И, оглянувшись, увидел мою странную позу.
— Она? — сразу догадался он.
— Нннет!
— Наверное, она все-таки! Ну-ка быстро давай ее номер, не упрямься! Я позвоню, отменю приглашение.
— Нет, не она,— твердил я.— Мою зовут Искрой (назвал первое вспомнившееся имя). Просто я не видал, никогда не видал, как это бывает в жизни.
Много раз и в тот день, и впоследствии спрашивал я себя, почему же я отрекся от Сильвы.
Не обдумывал я, инстинктивно брякнул, но почему же инстинкт сработал так?

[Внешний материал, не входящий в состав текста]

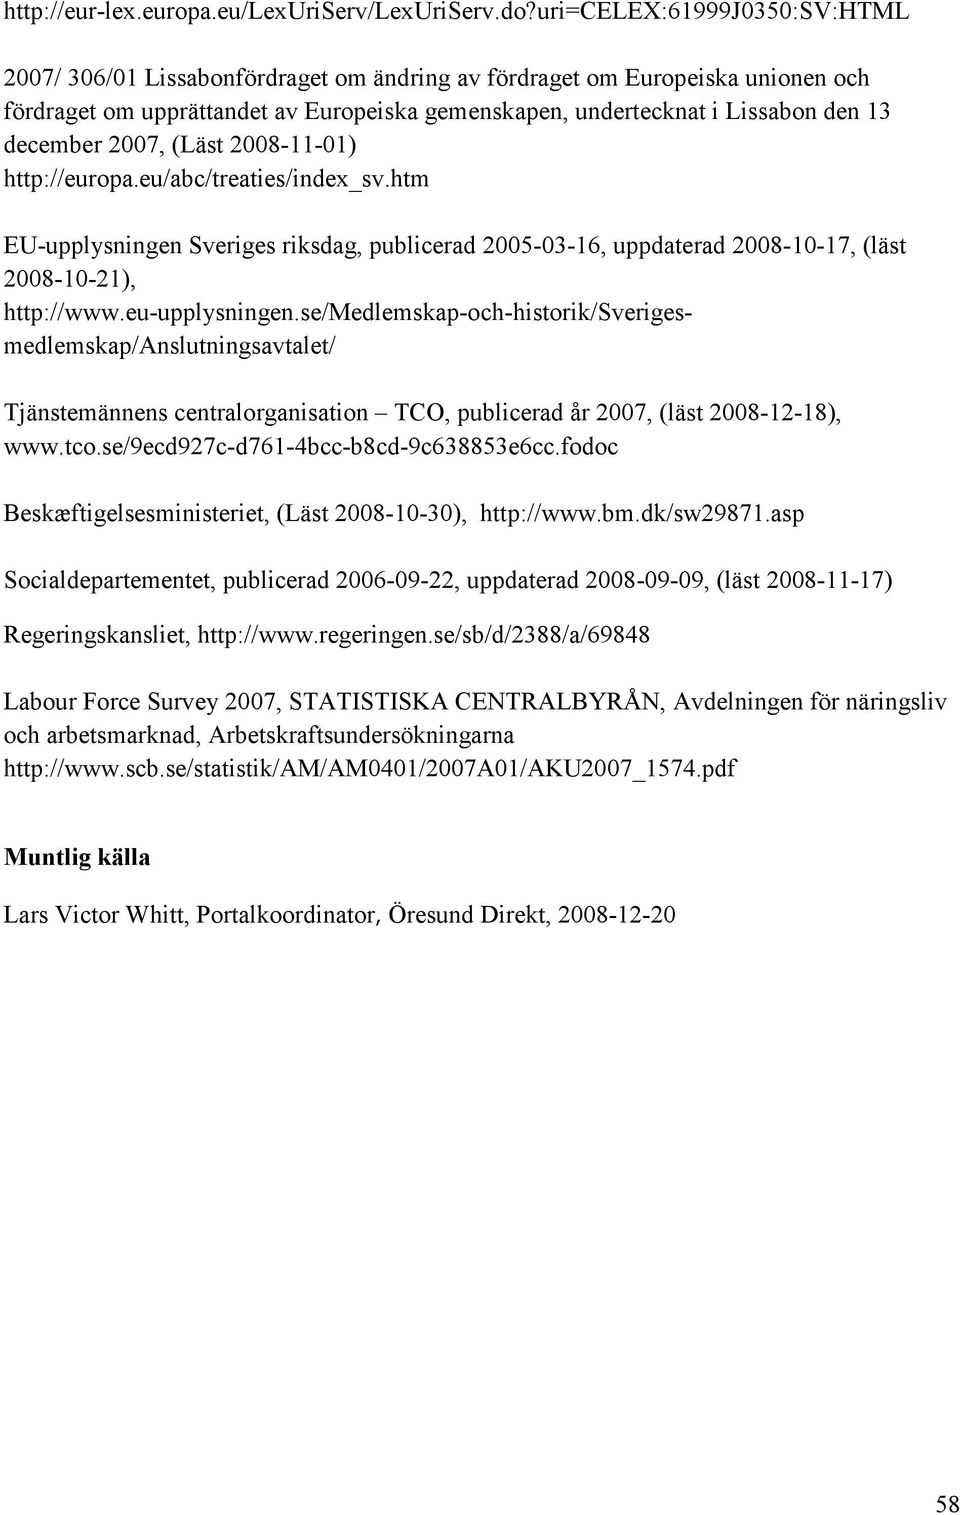 december 2007, (Läst 2008-11-01) http://europa.eu/abc/treaties/index_sv.htm EU-upplysningen Sveriges riksdag, publicerad 2005-03-16, uppdaterad 2008-10-17, (läst 2008-10-21), http://www.

Потому ли, что с раннего детства мне твердили: право выбирать предоставлено женщине, она слабая, ей труднее? А в старших классах объяснили* «Она выбирает отца будущих детей, не мешайте ей выбрать лучшего».
Потому ли, что Тернов показался мне совсем не скверным человеком и этот нескверный расшатал мое мнение о том, что Сильва губит себя, бросаясь в его объятия?
Нет, не потому.
А потому, что увидел глаза Сильвы, глубокие, томные, нежные, ласковые и ласкающие, влюбленные, упоенные любовью, счастливые глаза счастливой возлюбленной. И не посмел отнять у нее это счастье.
Позже добавилось: я ей такое счастье дать не могу. Я могу у нее выпросить, вынудить любовь, приучить к себе, заставить оценить мое постоянство и преданность. И оценит она, согласится, но годы и годы, всю жизнь, возможно, будет сожалеть и попрекать в минуты раздражения, что не позволил ей однажды быть счастливой.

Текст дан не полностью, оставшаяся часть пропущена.